Kindernothilfe. Gemeinsam wirken.

Medienpreis 2020

Das sind die Nominierten

Die Jurysitzung 2020 für den Medienpreis fand online statt (Quelle: Ralf Krämer)
Die Jurysitzung für den Medienpreis 2020 fand in diesem Jahr online statt (Quelle: Ralf Krämer)
(Duisburg, 29. Juni 2020) Die Nominierten für den 22. Medienpreis „Kinderrechte in der Einen Welt“ stehen fest: Die vierköpfige Jury hat sich für die drei besten Beiträge in den Kategorien Print/Online, TV und Hörfunk entschieden. Bei den nominierten Beiträgen ist vor allem Gewalt gegen Kinder ein Thema, das die Autoren und Autorinnen in verschiedenen Situationen und Kontexten aufgreifen und behandeln. Außerdem erzählen die nominierten Beiträge von weltweiten Problemen wie Kinderarbeit, gefährdeter Gesundheit und einem fehlenden sicheren Zuhause für Kinder.

 

Die Jury-Mitglieder Petra Boberg (hr-iNFO), Steffi Dobmeier (Schwäbische Zeitung), Dr. Helge Fuhst (ARD-aktuell) und Tobias Zick (Süddeutsche Zeitung) haben sich in diesem Jahr aufgrund der Maßnahmen zur Eindämmung des Corona-Virus online getroffen. Am Ende der mehrstündigen Jury-Sitzung haben sie aus knapp 60 Einreichungen die neun besten nominiert:

In der Kategorie Print/Online:

  • Jonas Breng mit „Doktor Gammel holt ein Kind“, Stern
  • Dominik Stawski und Felix Schröder mit „Weiterleben“, Stern
  • Jan Rübel und Sascha Montag mit „Ein verwundetes Leben“, Stern

In der Kategorie Hörfunk:

  • Petra Sorge mit „Blei-Recycling in Nigeria – tödliches Geschäft mit alten Batterien“, Deutschlandfunk Kultur
  • Dorothea Brummerloh mit „Wohnung verzweifelt gesucht – obdachlos mit Kind“, Deutschlandfunk Kultur
  • Andreas Boueke mit „Zuhause gibt es keine Zukunft – jugendliche Landarbeiter in Guatemala“, Rundfunk Berlin Brandenburg

In der Kategorie TV:

  • Sam Collyns und Ramita Navai mit NDR Beitrag: „Der UN-Sexskandal – wenn Helfer zu Tätern werden, Arte
  • Detlef Schwarzer mit ZDF zoom: „Heimkinder wider Willen – Jugendämter unter Druck?“, ZDF
  • Stefan Eberlein mit Story im Ersten: „Kein Geld für kranke Kinder“, BR

Unter der Schirmherrschaft von Christina Rau vergibt die Kindernothilfe den Medienpreis „Kinderrechte in der Einen Welt“ bereits seit 1999. Ausgezeichnet werden Beiträge, die in herausragender Weise auf die Kinderrechte und die Situation von Kindern in der Welt aufmerksam machen. Jeder Preis ist mit 2.500 Euro dotiert, die der Kindernothilfe von der Apothekerkammer Westfalen-Lippe zur Verfügung gestellt werden

Seit 2012 gibt es eine separate Kinderjury, die in einer vierten Kategorie einen journalistischen Gewinnerbeitrag wählt, der sich an ihre Zielgruppe richtet. Die Jungen und Mädchen werden im August über ihren Gewinner entscheiden.

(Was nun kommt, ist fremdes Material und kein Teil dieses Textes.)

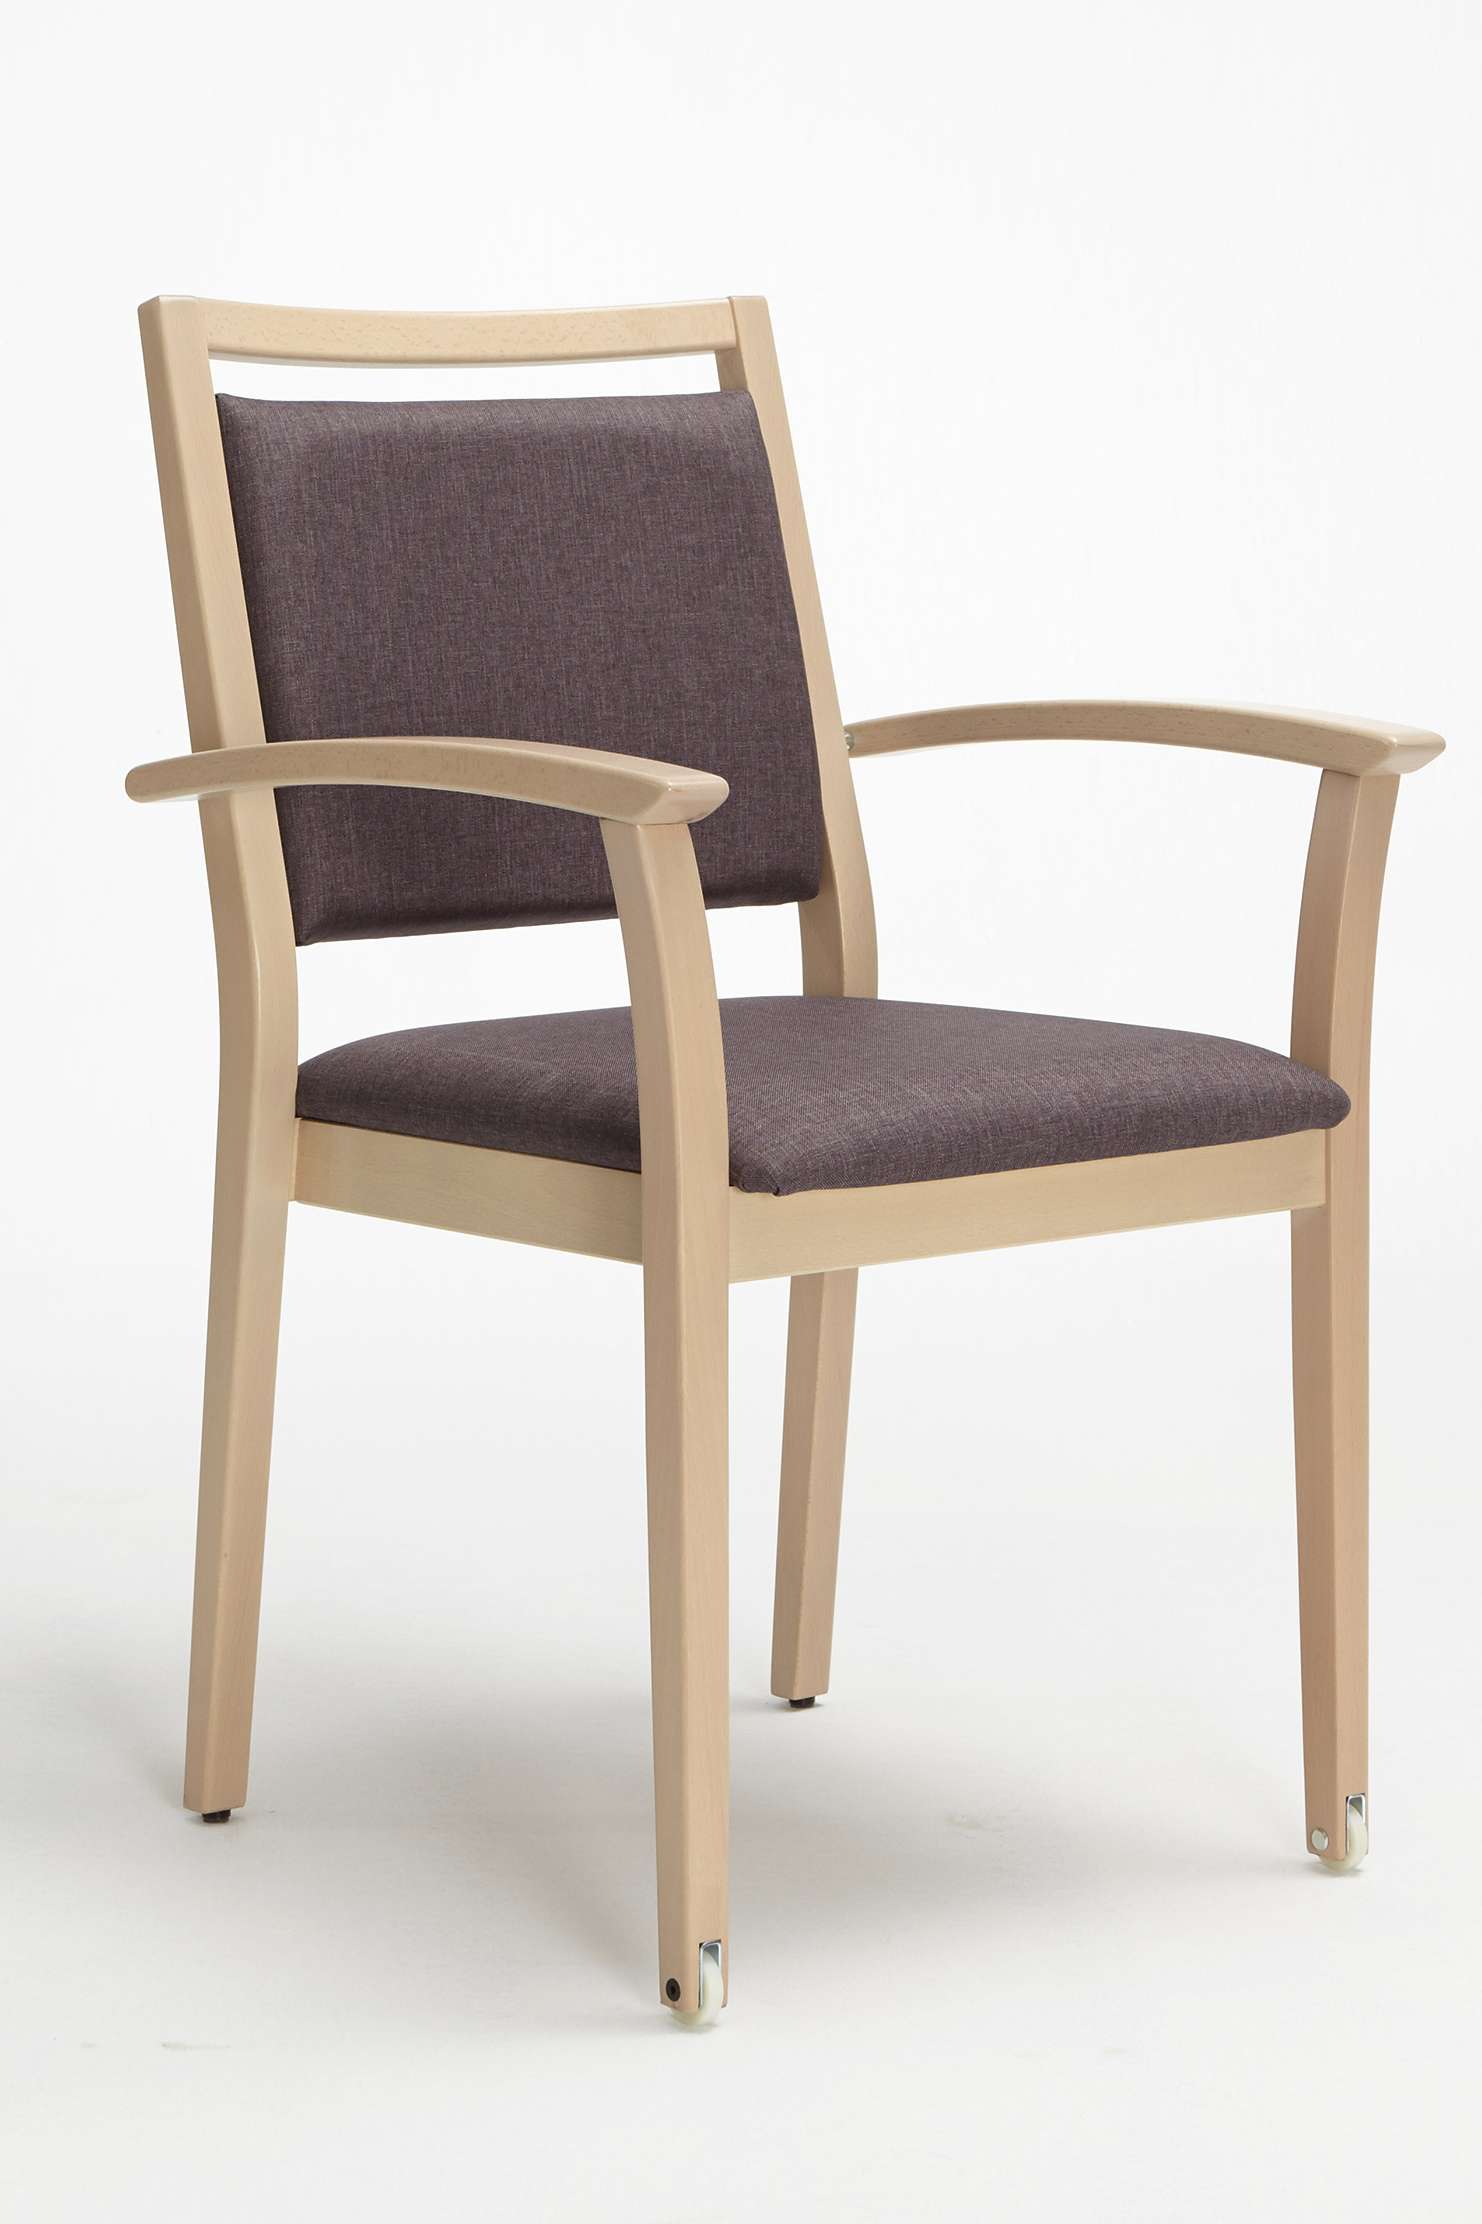 Model Mavo jako krzesło sztaplowane, z podłokietnikami

Die Nominierten und ihre Beiträge für den Medienpreis 2020 finden Sie in den nächsten Tagen unter: www.kindernothilfe.de/medienpreis_kinderrechte

Aufgrund der aktuellen Corona-Krise hat sich die Kindernothilfe dazu entschieden, in diesem Jahr eine Online-Preisverleihung zu veranstalten. Das Datum des Online-Streamings wird zu einem späteren Zeitpunkt bekannt gegeben.

Als eine der größten christlichen Kinderrechtsorganisationen in Europa unterstützt die Kindernothilfe seit mehr als 60 Jahren benachteiligte Mädchen und Jungen auf ihrem Weg in ein eigenständiges und selbstbestimmtes Leben. Sie fördert 595 Projekte und leistet humanitäre Hilfe. Zurzeit schützt, stärkt und fördert die Kindernothilfe mehr als 2 Millionen Kinder und ihre Familien und Gemeinschaften in insgesamt 32 Ländern der Erde, um ihre Lebensbedingungen nachhaltig zu verbessern.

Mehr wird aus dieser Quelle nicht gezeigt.